A sign for the entire PD-1/L1 class?

Still, all those explanations simply might not matter because not many doctors will dig into the trial nuances. It’s also tough to know whether Imfinzi would be much better than Opdivo even after adjusting for trial differences.

The question then is: Is it because Imfinzi is simply a weaker checkpoint inhibitor in resectable NSCLC that it needed longer, perioperative treatment to reach the same effect? In other words, can the AEGEAN trial results be extrapolated to the entire PD-1/L1 class?

Industry watchers may soon get more clarity on that question from another trial.

Days before AZ announced the AEGEAN trial success in March, Merck said the phase 3 Keynote-671 trial had hit the EFS endpoint for Keytruda in a similar neoadjuvant-plus-adjuvant regimen. Keytruda has had the most success in NSCLC, including a recent broad FDA approval as a postsurgery adjuvant treatment.

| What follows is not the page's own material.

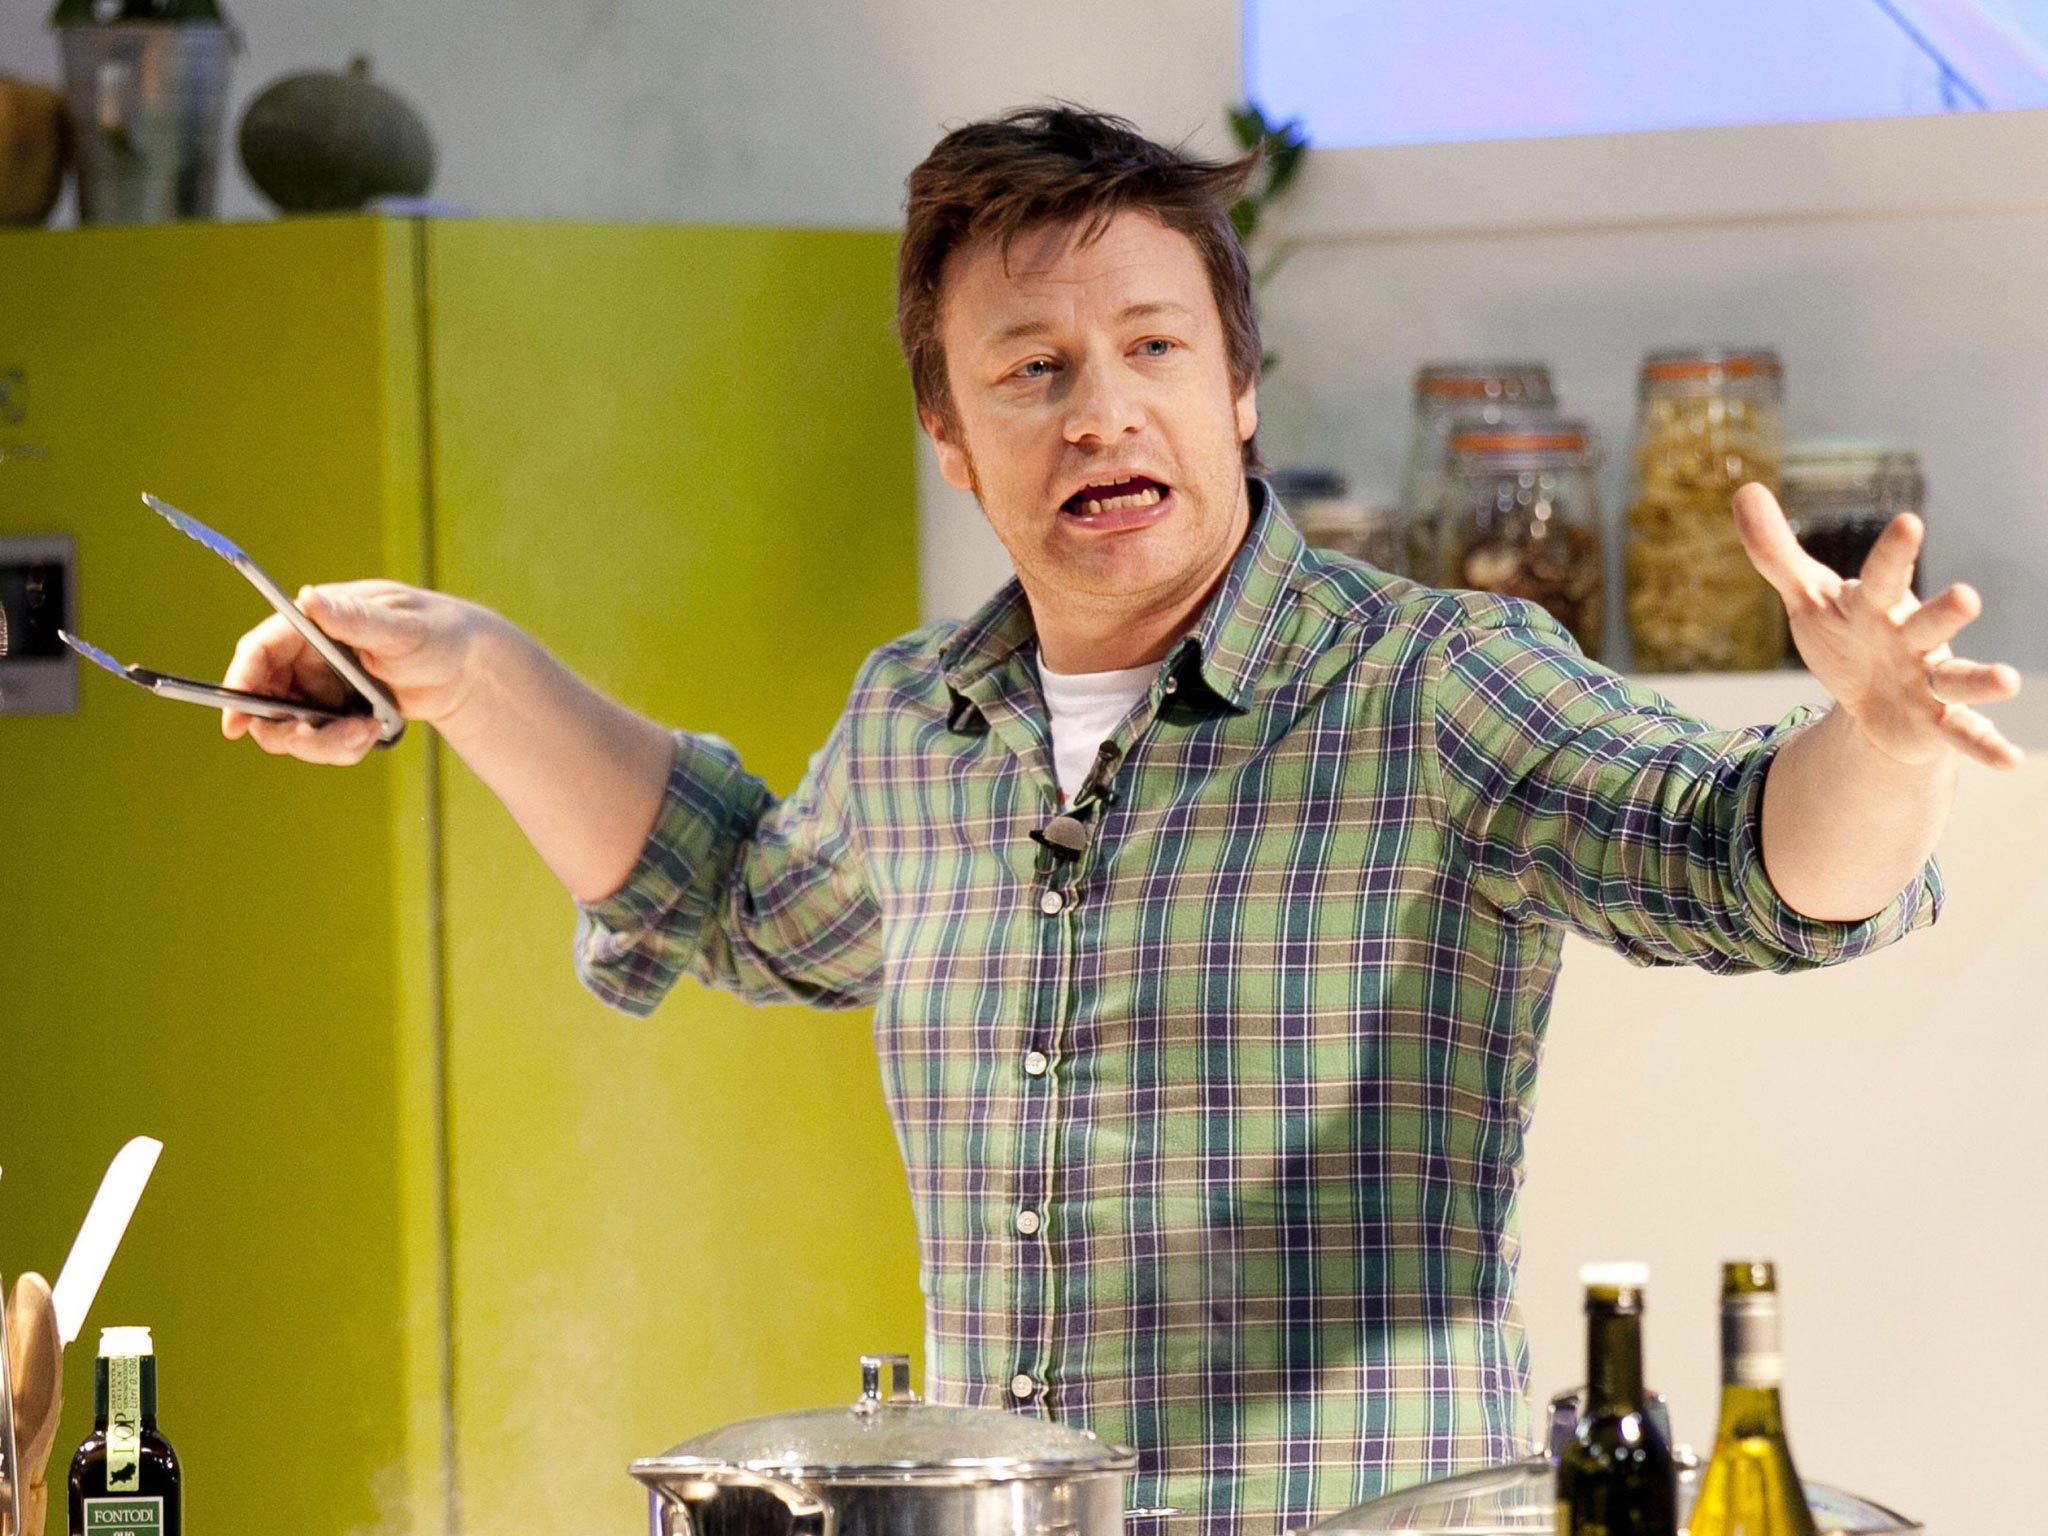 Jamie Oliver has written a new book called ‘Comfort Food’ and has a TV series planned

Merck has yet to share detailed results from Keynote-671. It’d be a big win for Merck if Keytruda showed an EFS improvement that’s meaningfully higher than neoadjuvant Opdivo’s 37%, which SVB Securities analyst Daina Graybosch, Ph.D., previously labeled “impressive.”

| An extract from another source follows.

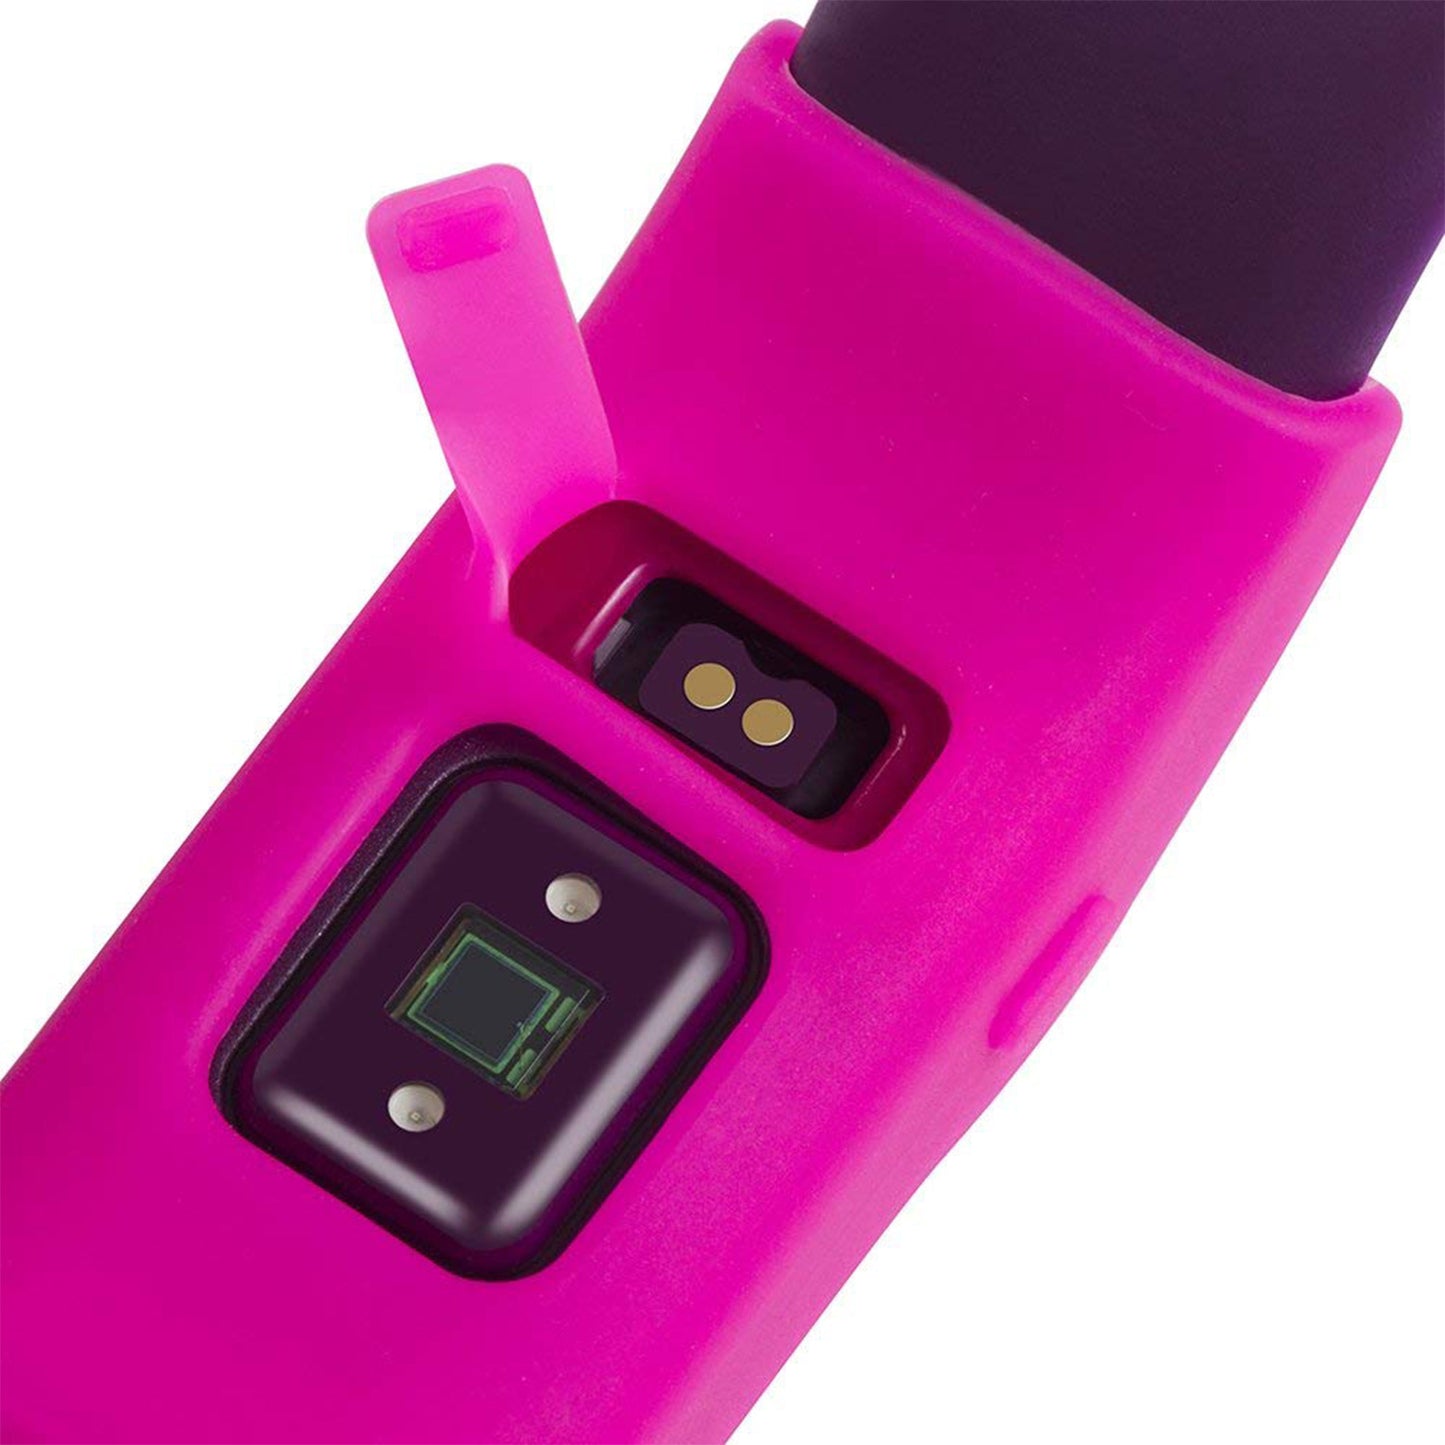 Rubber Protective Case for Fitbit Charge HR

As Graybosch projected in a note a year ago, early-stage cancer treatment will become a major growth point for Keytruda, representing about a third of the drug’s total sales in 2025. Long durations of treatment in the adjuvant setting are a key driver of revenues, she said.

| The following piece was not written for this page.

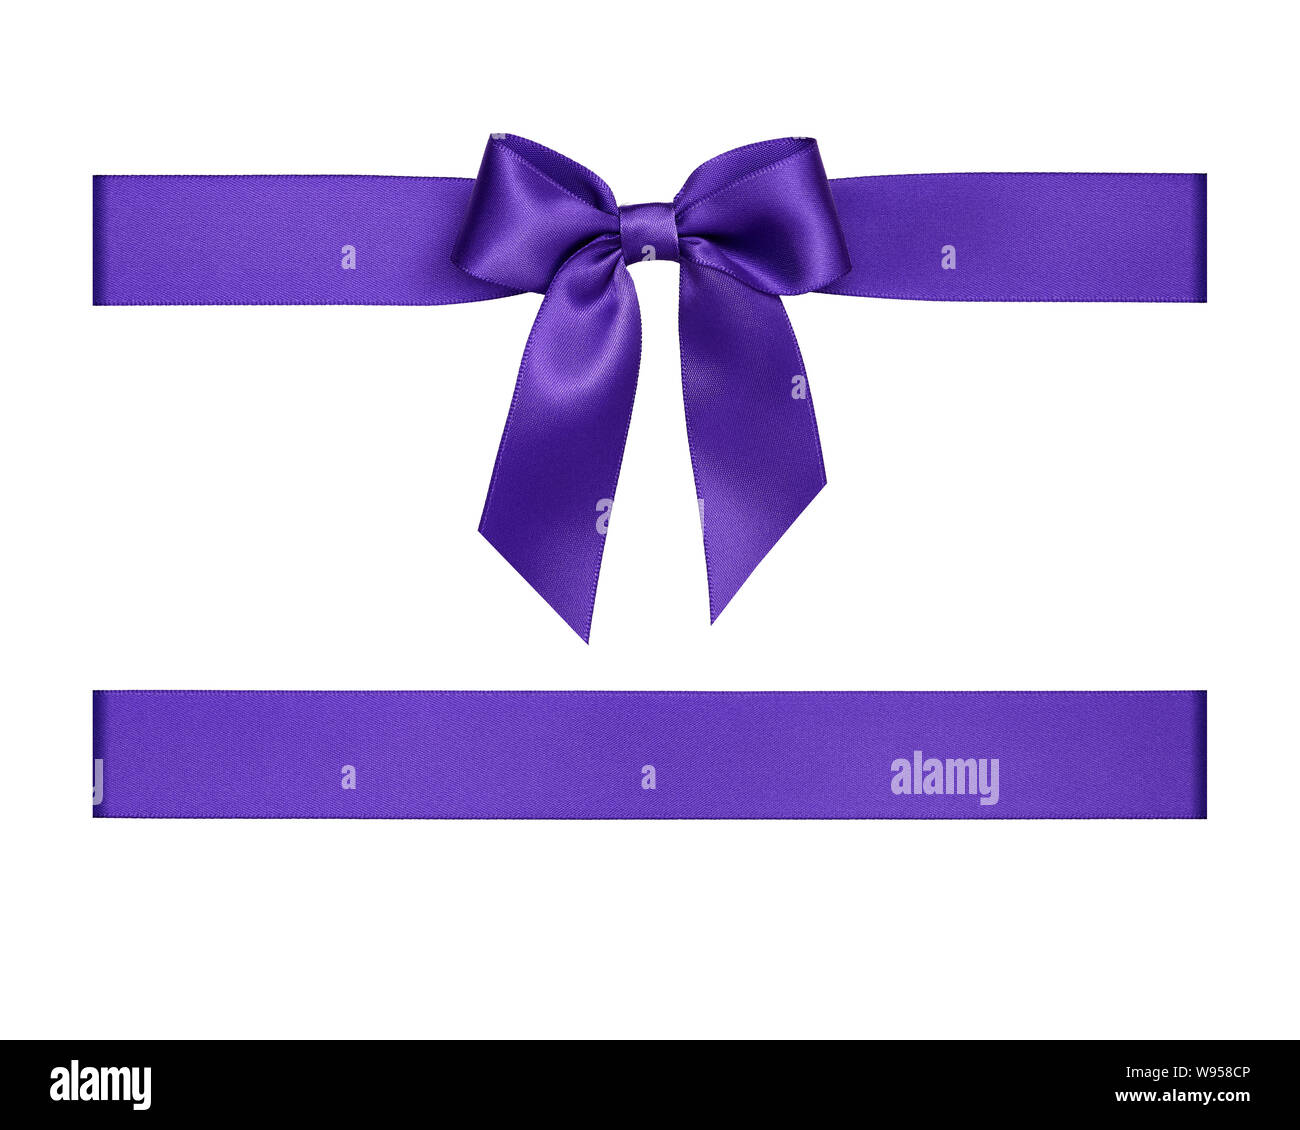 Purple ribbon bow cut out and isolated on white background, purple gift box ribbon decor Stock Photo

Despite Imfinzi and Keytruda’s trial wins, there’s still a need to understand which patients may be able to avoid further adjuvant treatment and those who might require even more intensive adjuvant regimens, Heymach said.

Besides the broader question about the overall necessity of adjuvant treatment, it’s not clear whether patients who’ve achieved a pCR after neoadjuvant immunotherapy still need to continue treatment. But neither AEGEAN nor Keynote-671 could answer that question.

For now, Heymach said that given AEGEAN’s largely consistent signal in various patient subgroups, including in PD-L1-negative patients, he would consider the Imfinzi regimen for any eligible patients under the drug’s label, and especially for patients with low PD-L1 expression who have a substantial risk of relapse.

As expected, Imfinzi’s EFS benefit was most pronounced in patients with high levels of PD-L1 expression. But the drug also chalked up a 24% risk reduction among PD-L1-negative patients.

Imfinzi showed “good activity across the levels of PD-L1 expression,” Galbraith said, “in both squamous and non-squamous patient populations, and in both combination with carboplatin and cisplatin. So all of that is important for the applicability of the treatment across the patient populations.”